A few weeks ago, Chris 2 of passionate Pittsburgh punks Anti-Flag stopped by to appear on the Cautionary Tales podcast. Although the program focuses on how bands endure or flame out over certain aspects of the music industry, Chris flipped the script on us and informed us about how great Anti-Flag’s tenure on BMG/RCA was a downright joy, allowing them to donate money to causes and retaining the vinyl rights to their recordings amongst many other things.

READ MORE: How Geoff Rickly bummed out My Chem—and vice versa

But before they teamed up with RCA, they had to tell some label presidents where to go—namely Fat Mike of Fat Wreck Chords and (wait for it) Jimmy Iovine of Interscope.

Anti-Flag’s first stint on the Vans Warped Tour in 2000 had them on a bill featuring at various junctures, with Green Day, NOFX, Weezer and many other bands, “a really big deal,” as Chris explains it. “We were having some of the better shows of our lives at that time.

“I think we were one of the first bands to ever tell Mike no,” he remembers, recalling Fat Mike’s early overtures to Anti-Flag. “He said, ‘I want to put you on [Fat subsidiary] Honest Don’s,’ and we said, ‘No, we want to be on Fat.’ He said, ‘You’re not ready for Fat.’ And we said, ‘Go fuck yourself.’” [Laughs.] Anti-Flag ended up selling 200,000 copies of their second album, 1999’s A New Kind Of Army on the Go-Kart label, and weren’t slighted by Mike’s stance one bit.

Later on in 2002, “Mike realized the error of his ways and said, ‘I want to do your next record on Fat.’ We thought our lives were going to forever change. This is a valuable lesson for us because we thought if we signed to Fat, it would be Anti-Flag, NOFX, No Use For A Name and Good Riddance. We’re done—we can retire. We’d be on Mount Rushmore of American punk. [Laughs.] So we put out Underground Network, our first record for Fat—and nobody cared. It did worse than New Kind Of Army did on Go-Kart. And that was a valuable lesson to us: The label on the back of your record does not guarantee that anyone will give a shit about the music you release into the world.

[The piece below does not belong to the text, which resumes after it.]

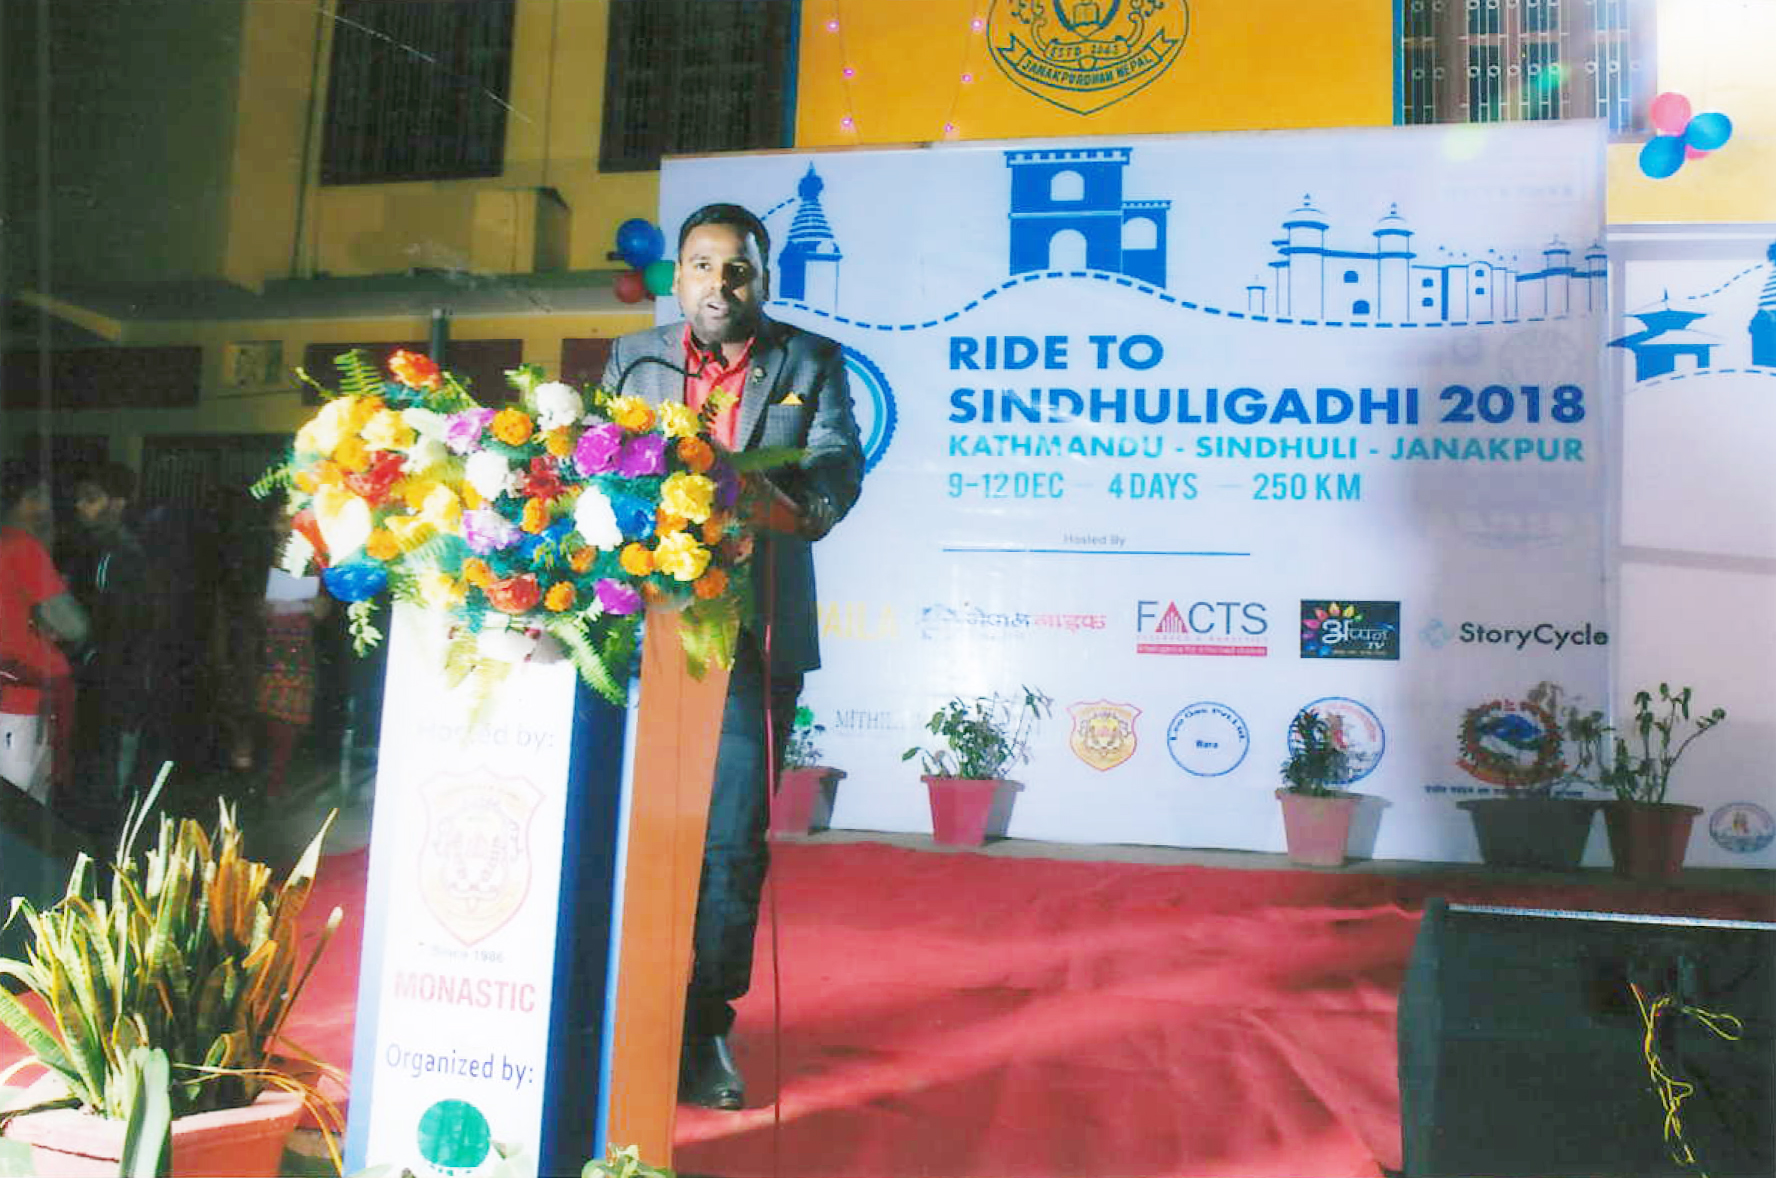 Sano Paila – Ride to Sindhuligadhi

“This conversation that bands and artists have with their audience when they say, ‘We are making this move to spread our message,’ that’s not true. How do you know anyone’s going to listen to your fucking message?”

After Anti-Flag delivered The Terror State for Fat in 2003, Rage Against The Machine guitarist Tom Morello (the album’s producer) played it for music maverick/iconic producer Rick Rubin, who wanted to put out A-F’s next album on his American Recordings label. When word got out that Rubin was eyeing the band for his stable, Anti-Flag were suddenly taking meetings with every high-ranking major label. And it was usually with people who had no idea who they were or what they stood for. One of those meetings was with legendary producer/label exec Iovine.

“We go to the Universal building, and we’re in this room with this lovely woman who is at this front desk [in front of] a bookshelf,” Chris remembers. “They pull a book and literally, the bookshelf moves, and that’s where Jimmy Iovine’s office is. When you’re four punk-rock kids from Pittsburgh, that’s not real interesting.”

Chris describes the meeting as one of the best moments a band have ever been courted by a major-label executive. “He says, ‘I know you guys are political. I’m working on this record; I want you to hear it.’ And he plays us the new U2 record with that ‘uno, dos, tres’ [“Vertigo” from 2004’s How To Dismantle An Atomic Bomb LP] very loud. So loud, our drummer Pat raises his hand and says, ‘Can you turn it down?’ [Laughs.] We weren’t impressed by the secret door or his song choices. But we later found out [at] another meeting that they used Jimmy to stall us to make us late for another meeting.

“That’s the entire conversation with those [major label] meetings,” resigns Chris, before imitating a cooler-than-thou major-label drone. “‘No, no, no, no. You don’t need to worry about this. Your slice of the pie may be smaller, but the pie gets infinitely bigger.’ And then you tell Jimmy Iovine in your meeting with him to fuck off. And he goes, ‘Wow, that’s never happened to me before,’ and he gets more interested. And then a bidding war happens, and it’s just fantastic!” [Laughs.]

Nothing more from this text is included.